Assigned task:
From the line that contains "AMOLEN PLA Imprimante" down to the final line below, please repeat each line exactly and nothing more, with no pictures.

Collected material:
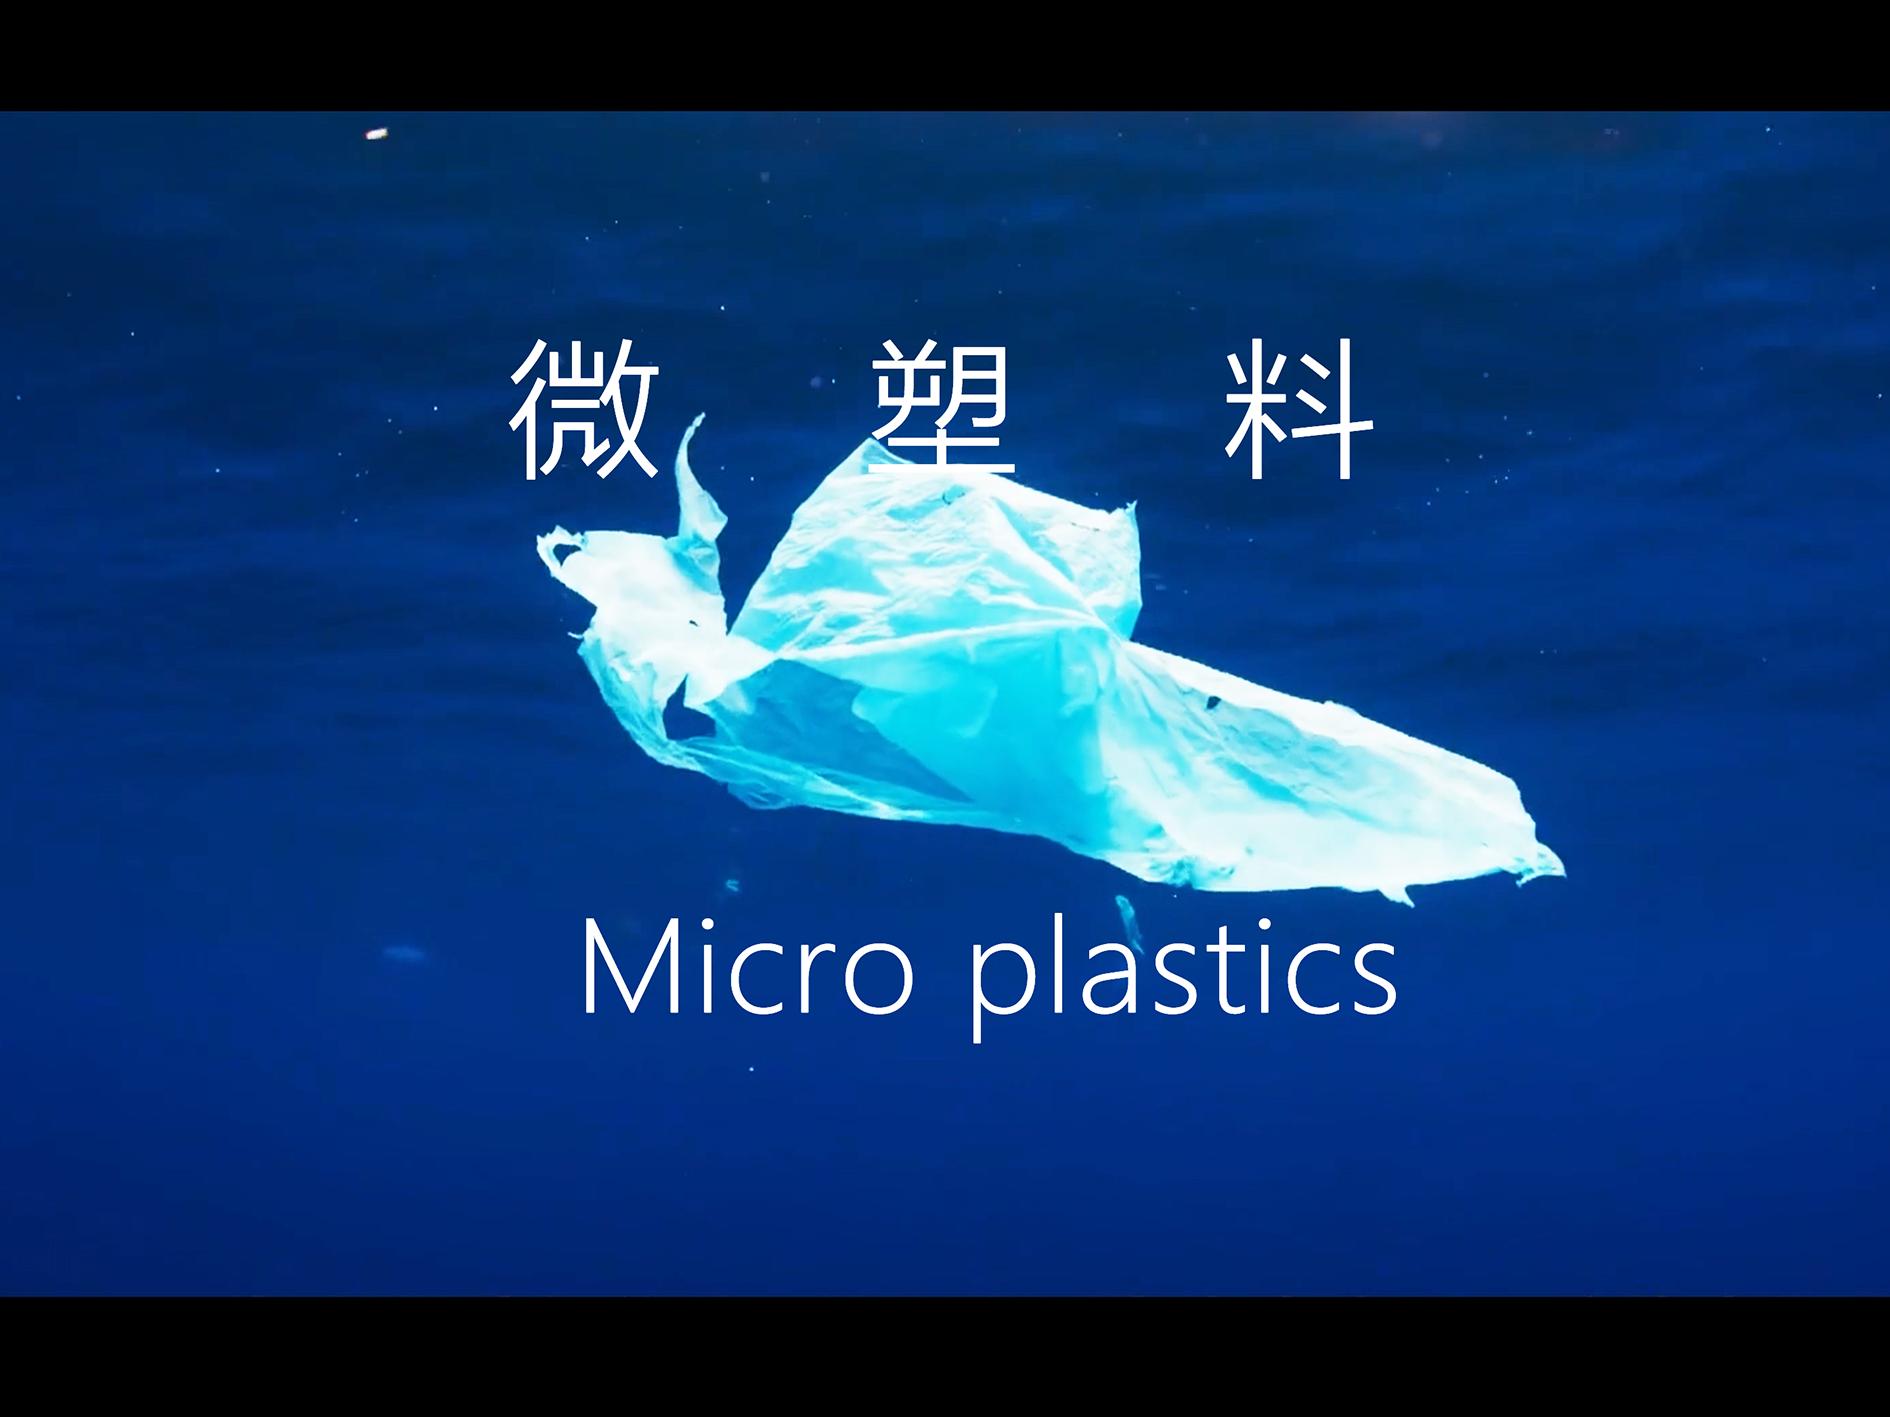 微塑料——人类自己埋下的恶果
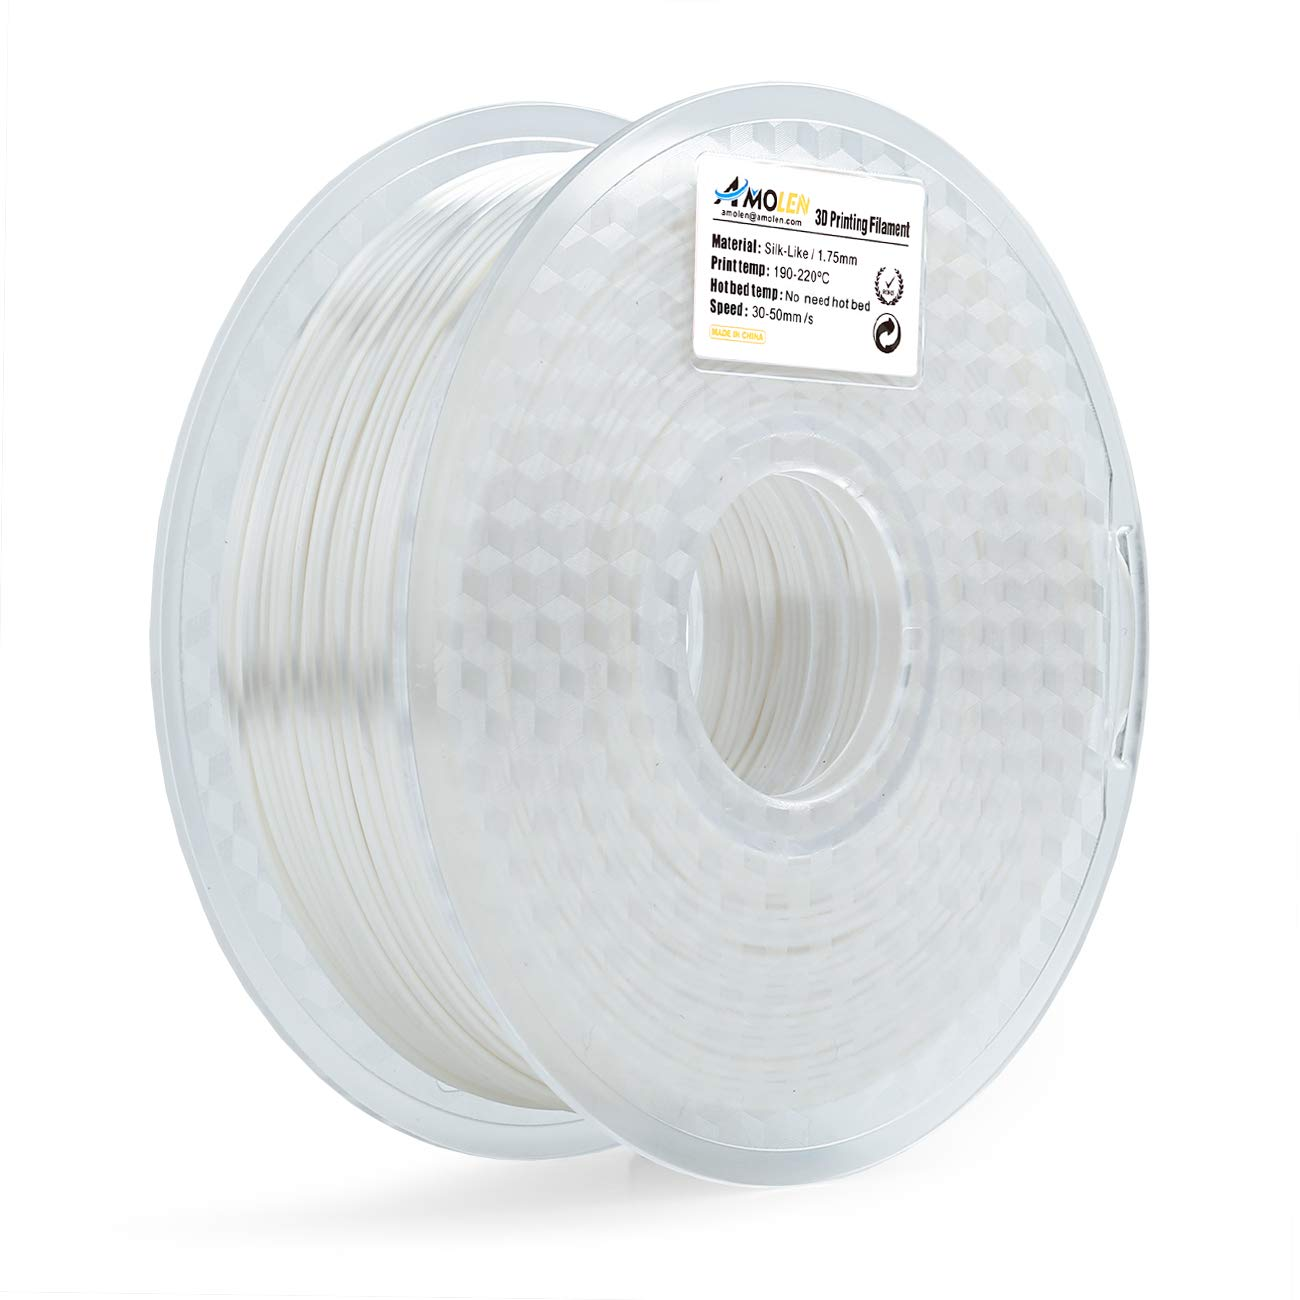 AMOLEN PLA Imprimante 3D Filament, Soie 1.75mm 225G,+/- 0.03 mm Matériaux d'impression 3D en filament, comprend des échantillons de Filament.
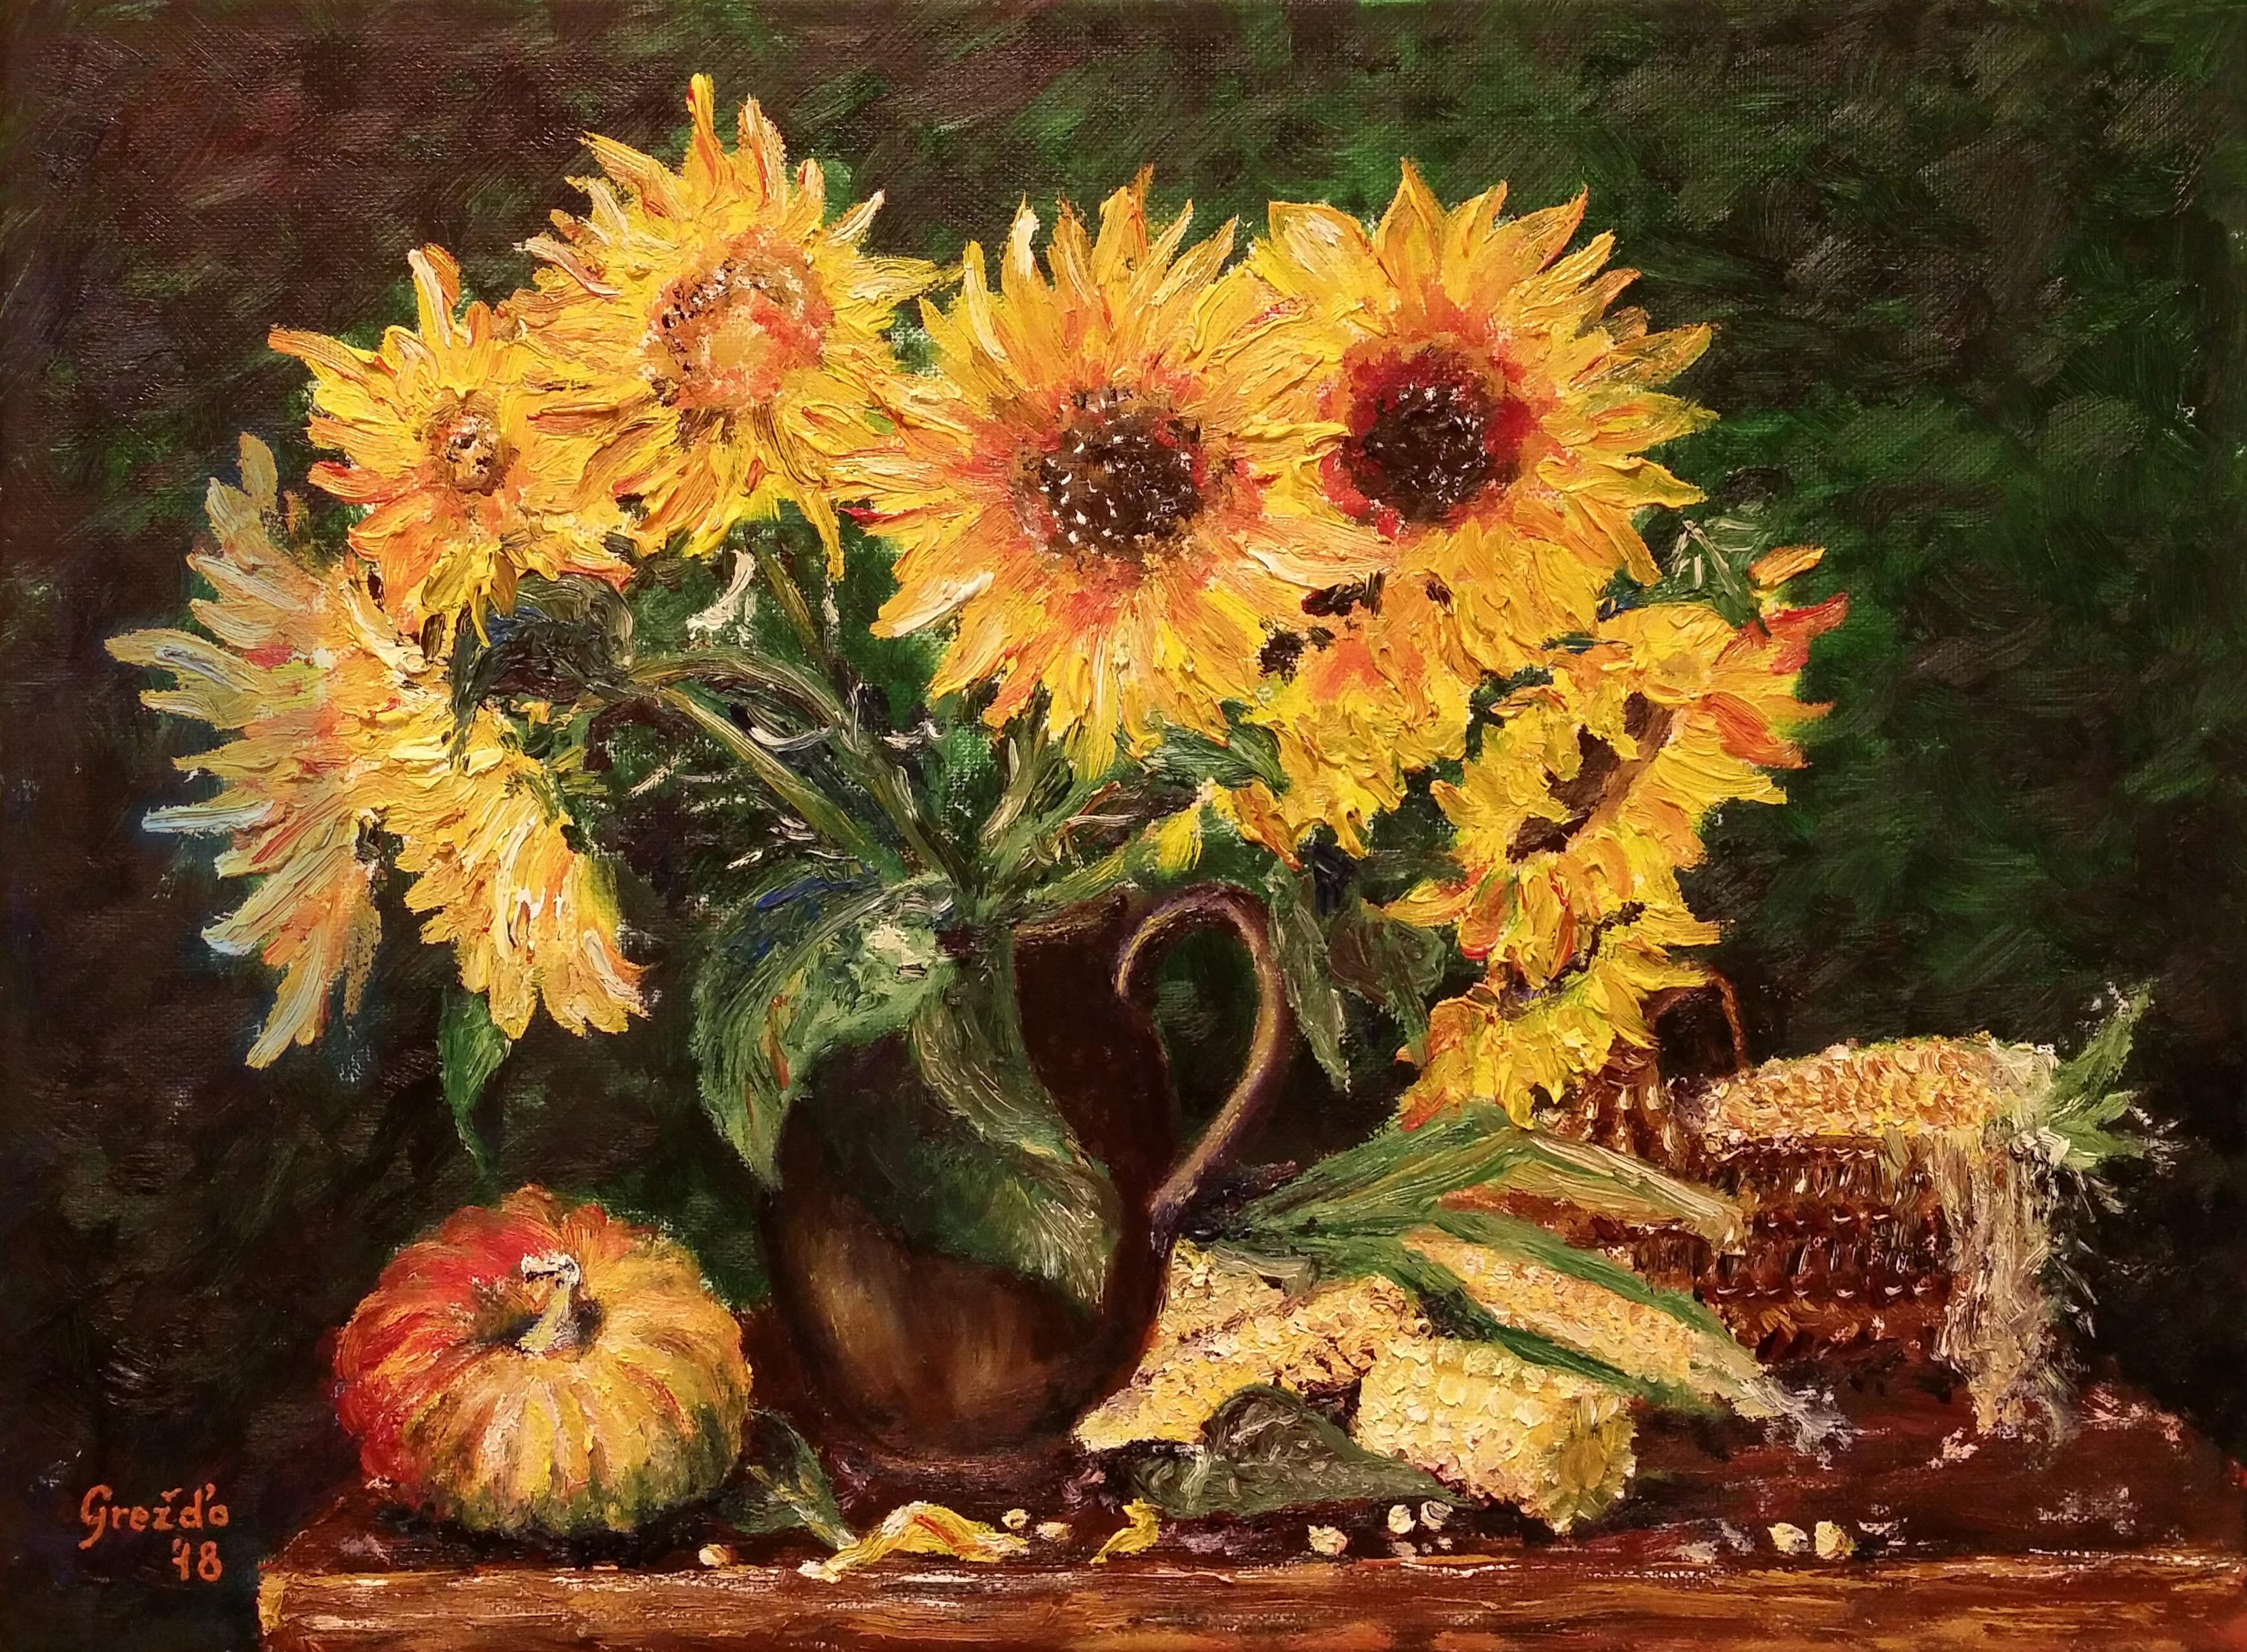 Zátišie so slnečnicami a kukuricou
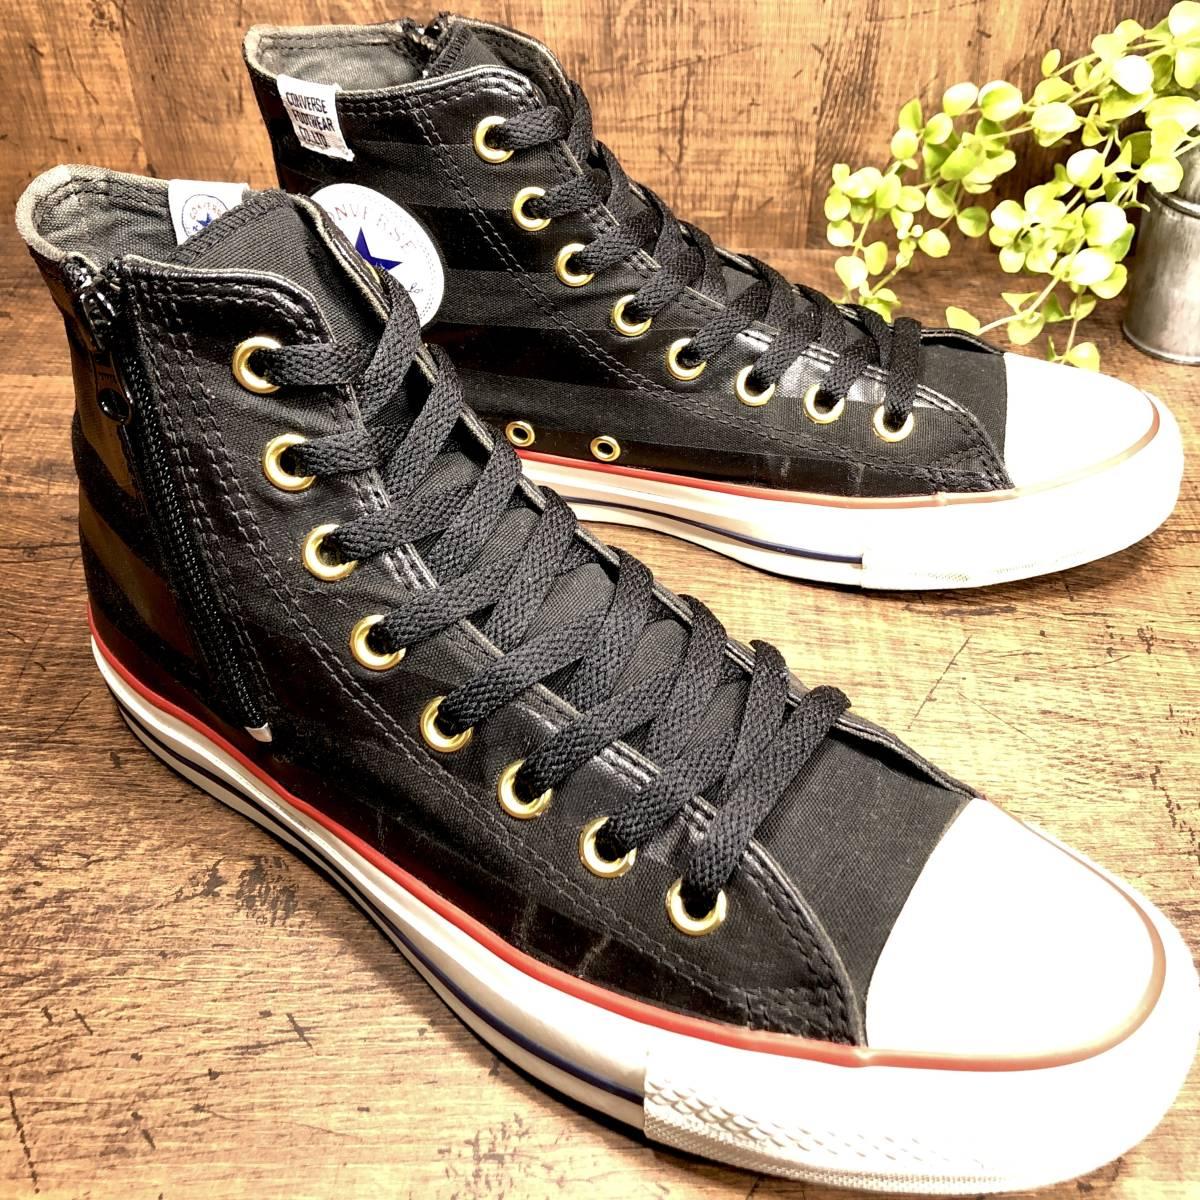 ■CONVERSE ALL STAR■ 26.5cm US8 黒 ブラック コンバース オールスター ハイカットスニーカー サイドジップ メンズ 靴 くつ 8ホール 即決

The answer:
 AMOLEN PLA Imprimante 3D Filament, Soie 1.75mm 225G,+/- 0.03 mm Matériaux d'impression 3D en filament, comprend des échantillons de Filament.
 Zátišie so slnečnicami a kukuricou
 ■CONVERSE ALL STAR■ 26.5cm US8 黒 ブラック コンバース オールスター ハイカットスニーカー サイドジップ メンズ 靴 くつ 8ホール 即決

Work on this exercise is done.